The model selected the best 500 drugs based on their IC50 value (drug quantity necessary to suppress protein’s function by 50%). Subsequently I ran a differential evolution algorithm to tweak each molecule to minimize its IC50, maximizing its effectiveness against the given protein.
For phase one, the RNN trained for over 200 epochs to 98% validation accuracy and predicted valid molecules 62% of the time. For phase two, the CNN trained for over 200 epochs to 0.57 𝑅2 , and predicted the correct IC-50 score to within 50% of its actual value.
Testing my entire algorithm to predict a drug that binds most effectively to SYK Kinase, PI4KA (protein secreted by Hepatitis C), Histone deacetylase 1, and Glutaminase kidney isoform, I found the four drugs generated by my model’s predictions were all below 25 nanomolars for IC50.

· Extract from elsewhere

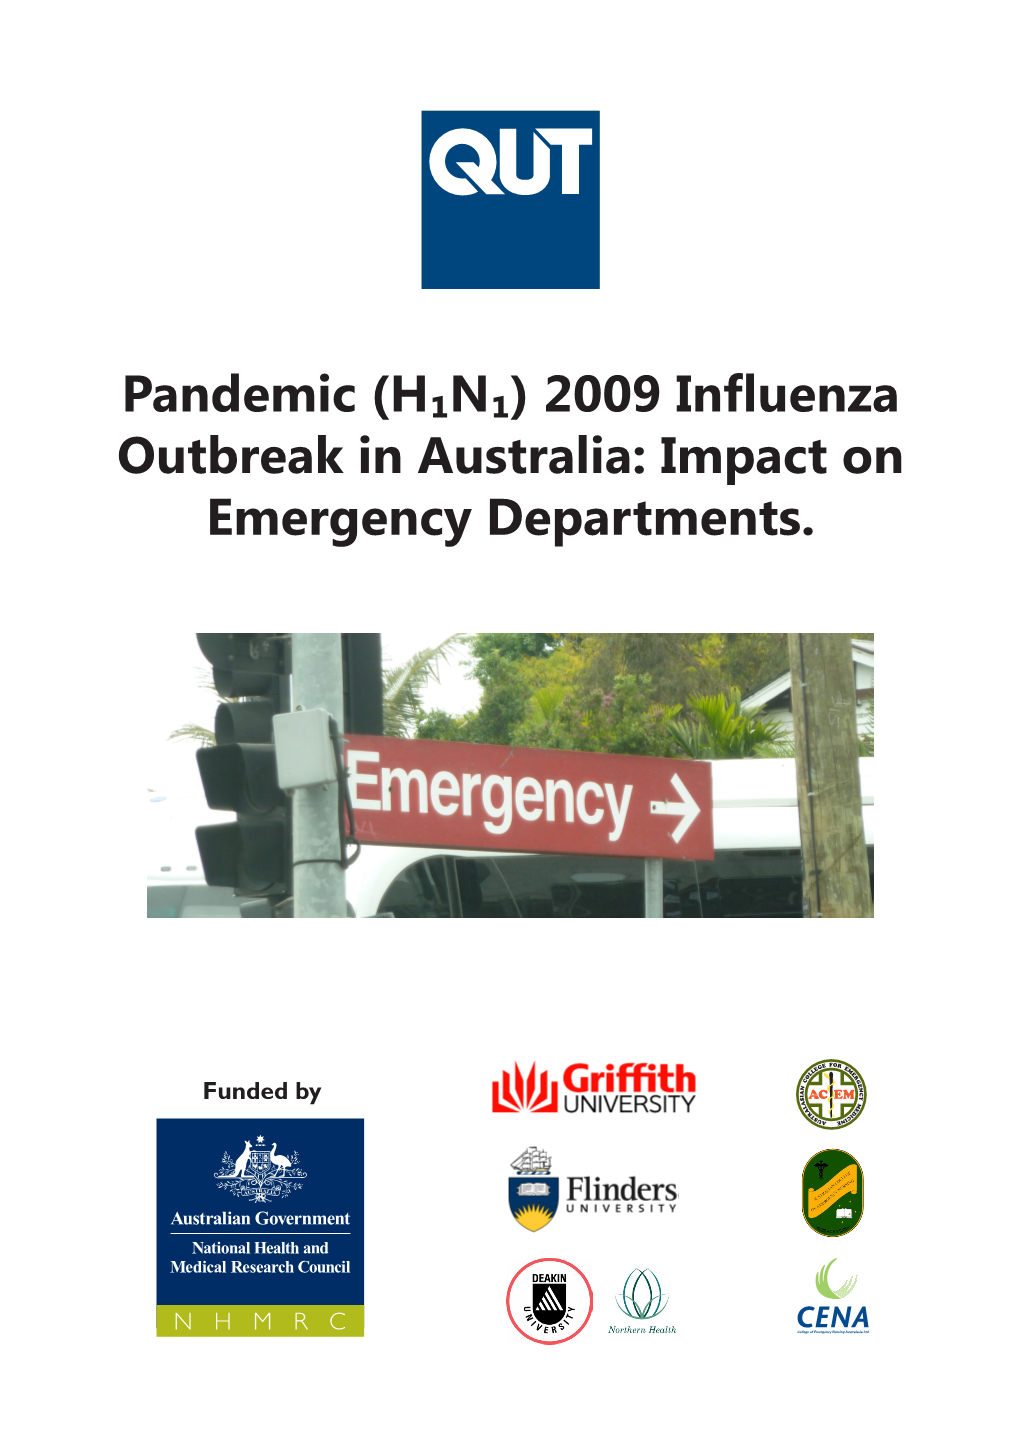 H1N1) 2009 Influenza Outbreak in Australia: Impact on Emergency Departments

For the second project (2021-2022), on protein therapeutics, particularly nanobodies that retain the binding affinity of antibodies despite being one-tenth the size, are emerging as viable treatment optionsto counter the mushrooming viral variants.

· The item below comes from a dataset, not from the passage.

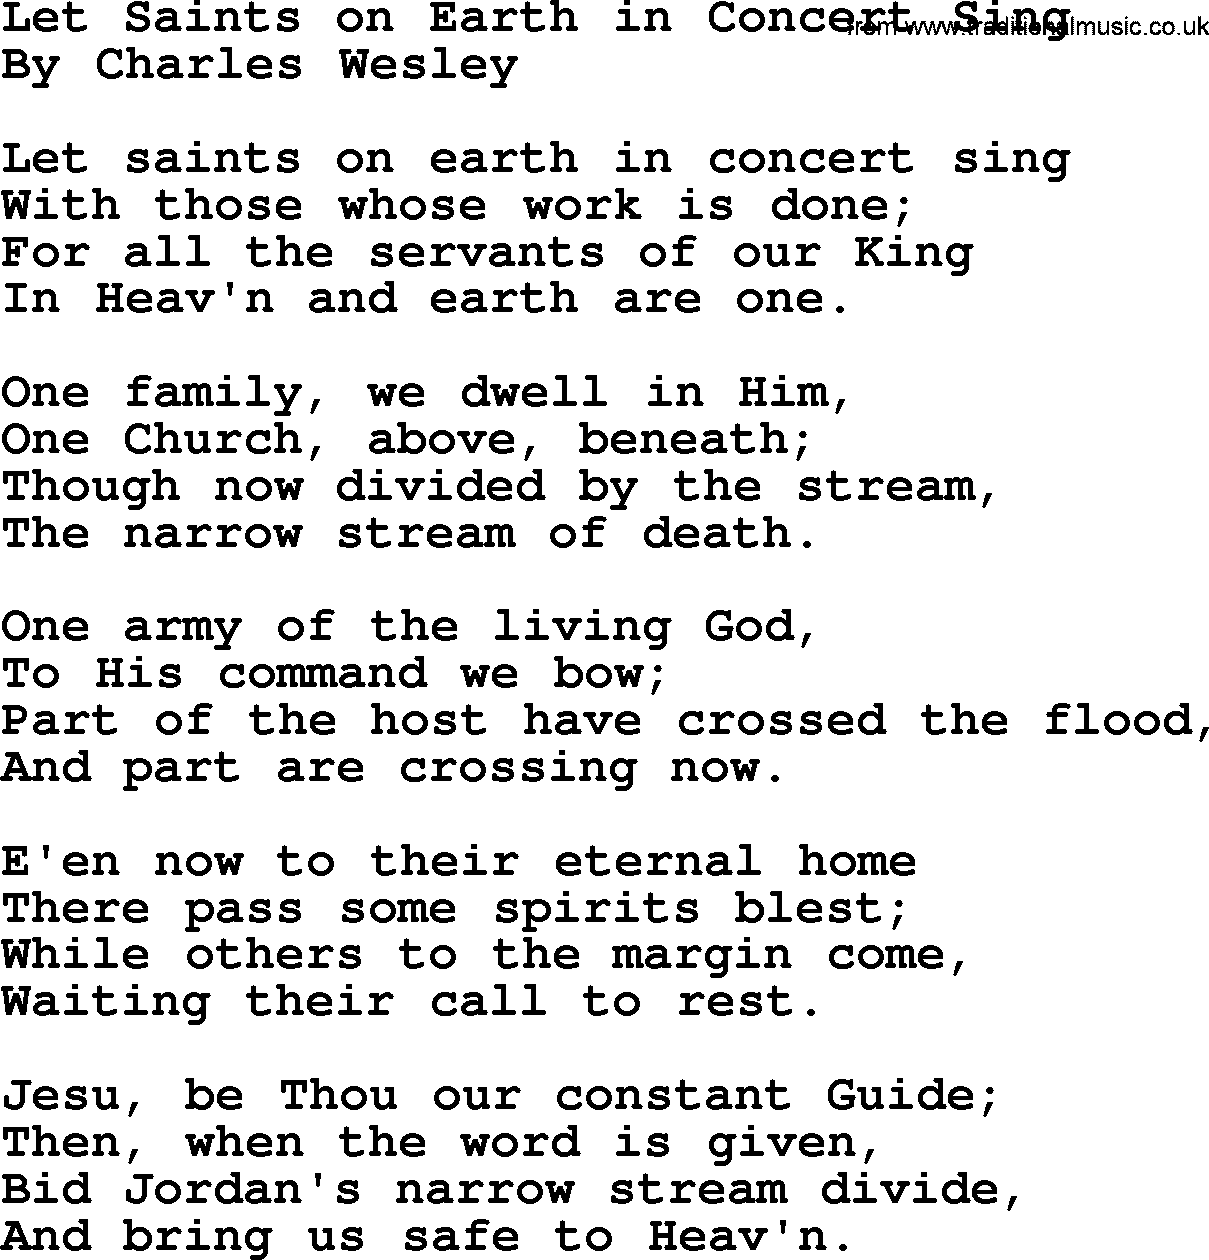 Charles Wesley hymn: Let Saints on Earth in Concert Sing, lyrics

My unique computational approach used ensemble-stacking to develop nanobodies by sequencing the CDR-H3 region of nanobodies - sequence of amino acids in the variable binding region critical to determining specificity. In a search space of about 2020 different CDR-H3 sequences, the model predicted 50 effective sequences against an antigen target, by training on previous phage display data to ccurately predict and rank the affinity of CDR-H3 sequences.
Ensemble-stacking achieved highly accurate predictions of binding affinity, with R2 of 0.75 and a Pearson correlation coefficient of 0.87 in addition to a classification AUROC of 0.965. I tested the top 50 algorithm-generated nanobodies by using 3D computational methods to measure their binding affinity. My approach yielded nanobody candidates with a lower Gibbs Free energy value (a measure of stronger specificity and binding) of -10.24 kcal/mol compared to the best in vitro derived candidates (-9.65 kcal/mol).
Results indicate that biocomputational methods using ensemble-stacking can be successfully leveraged to quickly and accurately generate nanobody candidates thereby accelerating development of successful vaccines.
BIO:
Anirudh Venkatraman is a senior at Homestead High School who enjoys music, science, and cooking. This past year, he won 4th place at the International Science and Engineering Fair for his project De Novo Nanobody Design Using Neural Networks, AlphaFold, and Docking Algorithms, in addition to numerous other awards at the state and local levels. Anirudh has a passion for the field of bioinformatics and in particular, drug discovery, which he hopes to pursue in college. Apart from science fair competitions, Anirudh performs cell-based research at the Molecular Screening Shared Resource at UCLA under the guidance of Professor Robert Damoiseaux. In his free time, Anirudh loves to play the drums and cook elaborate dishes with his sister and cousin.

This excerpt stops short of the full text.